One thing that seemed a bit contradictaory was that, on one hand, we are striving for concise code. On the other however, we have anonymous procedures, which seem to lengthen the code but are convenient. Is a convenient method better than a concise one?

It depends on your domain. In most cases, we strive for clarity above all. In Script-Fu, many things we write we write once and throw away. (E.g., Hey, I need a red box that fits in this precise position.) Programmer convenience wins there. However, I'll also note that anonymous procedures do not really lengthen the code. If you need to name the procedure, you still have to write the lambda (which is the long part). As importantly, you can create anonymous procedures without using lambda (e.g., by using compose with existing procedures).

Are higher order procedures exclusive to a functional model? I don't remember ever trying it, but would a function declaration like map(procedure, vector) work in C? What type would procedure be? How about Java?

In C, you can use function pointers as parameters to other procedures, which is one of the ways we can write generic sorting algorithms. I'll admit that I always go back to K&R for the details. In Java, function pointers don't exist, so you need to add your own Function object, which is generally not so concise.

Less-good Questions

I still haven't seen much difference between script-fu and the scheme that we used in 151 apart from image-related functions.

You won't. It's just a dialect of Scheme.

As I read, at each (x,y), the image contains a particular color. What if different colors were assigned to the same (x,y). Would anything different occur or would the (x,y) just be the color of the last assignment?

It's just like an array (well, a two-dimensional array with only one kind of value): If you put a value at a particular location, you replace the old value.

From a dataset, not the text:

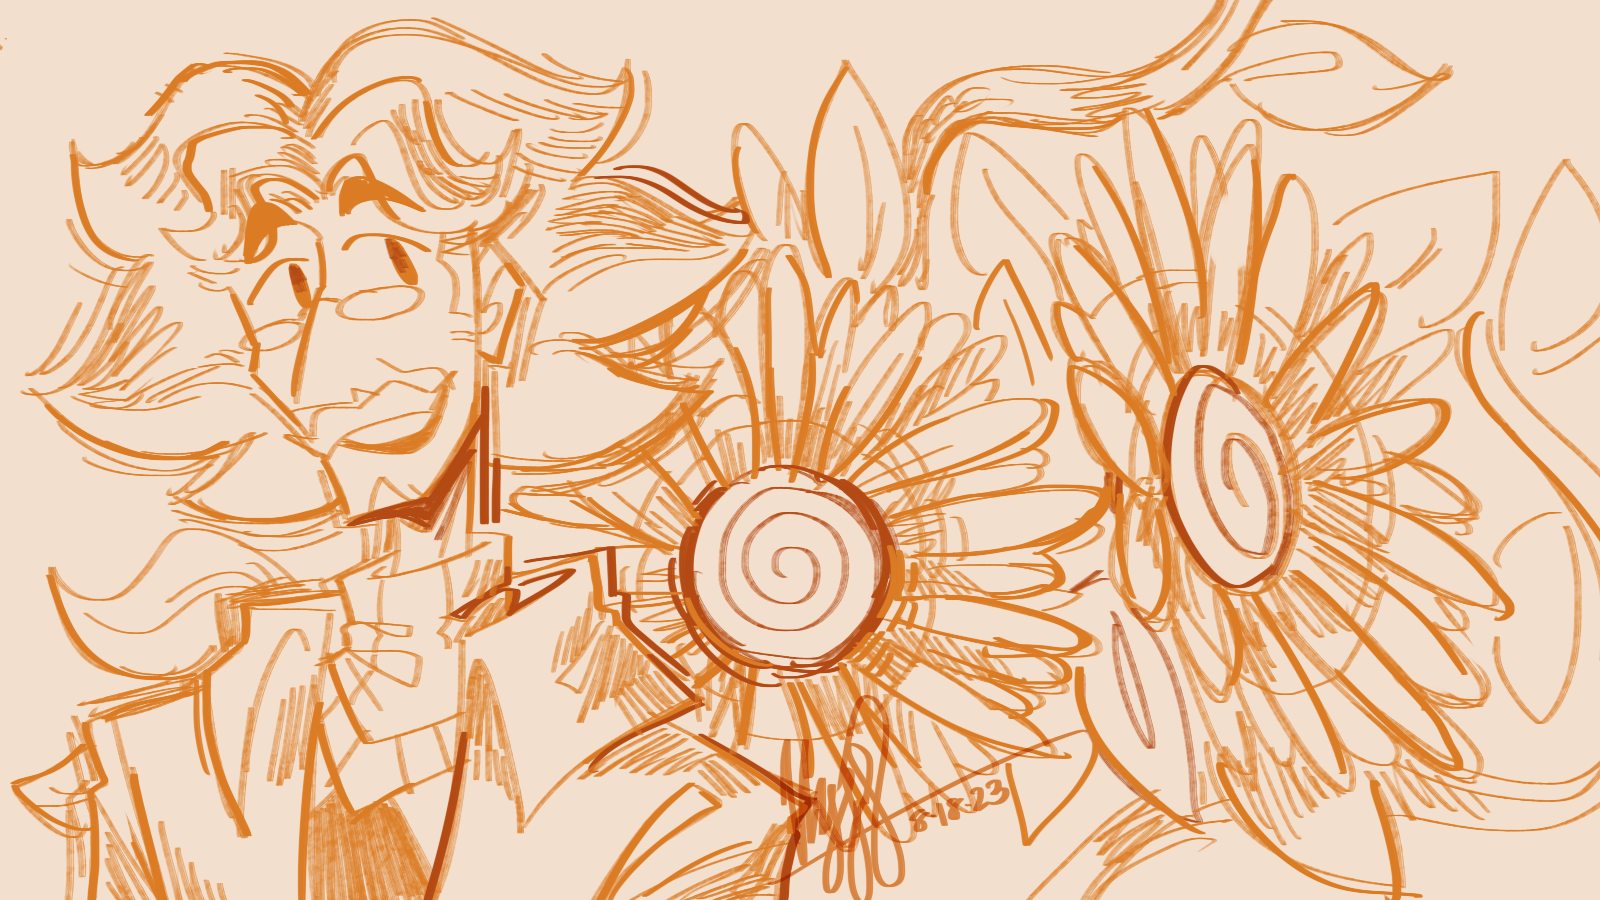 Sketchy Dr. Sunshine with sunflowers, light version

I understand it's unnecessary to give a function a name sometime. But it won't hurt much to do so. Also, we never know the future, maybe we change our mind and want to reuse it. Are you worrying about name space?

It's the same principle as not requiring the programmer to name the temporaries that often must be created in an arithmetic expression - Don't make the programmer name things that don't need names. By avoiding names, we also get more concise code.

It appears that composition is not the most efficient way. e.g. compose square increment, we will visit each pixel twice. we could do better. However, O(2n)=O(n). so, it doesn't waste much.

I'm not sure what you mean by we will visit each pixel twice, given that the example seems to be for a numeric composition, rather than a pixel-based one. And, while O(2n) = O(n), we do eventually worry about the constant multiplier. For example, something that takes 100n seconds is much less pleasant than something that takes n/1000 seconds.

I read and understood the article but found nothing that was particularly noteworthy or thought provoking.

Your goal is to strive to find such things, or at least such questions. Look at some of the questions above for ideas. It should always be possible to find an interesting question by putting together ideas from prevous readings with ideas from the current reading.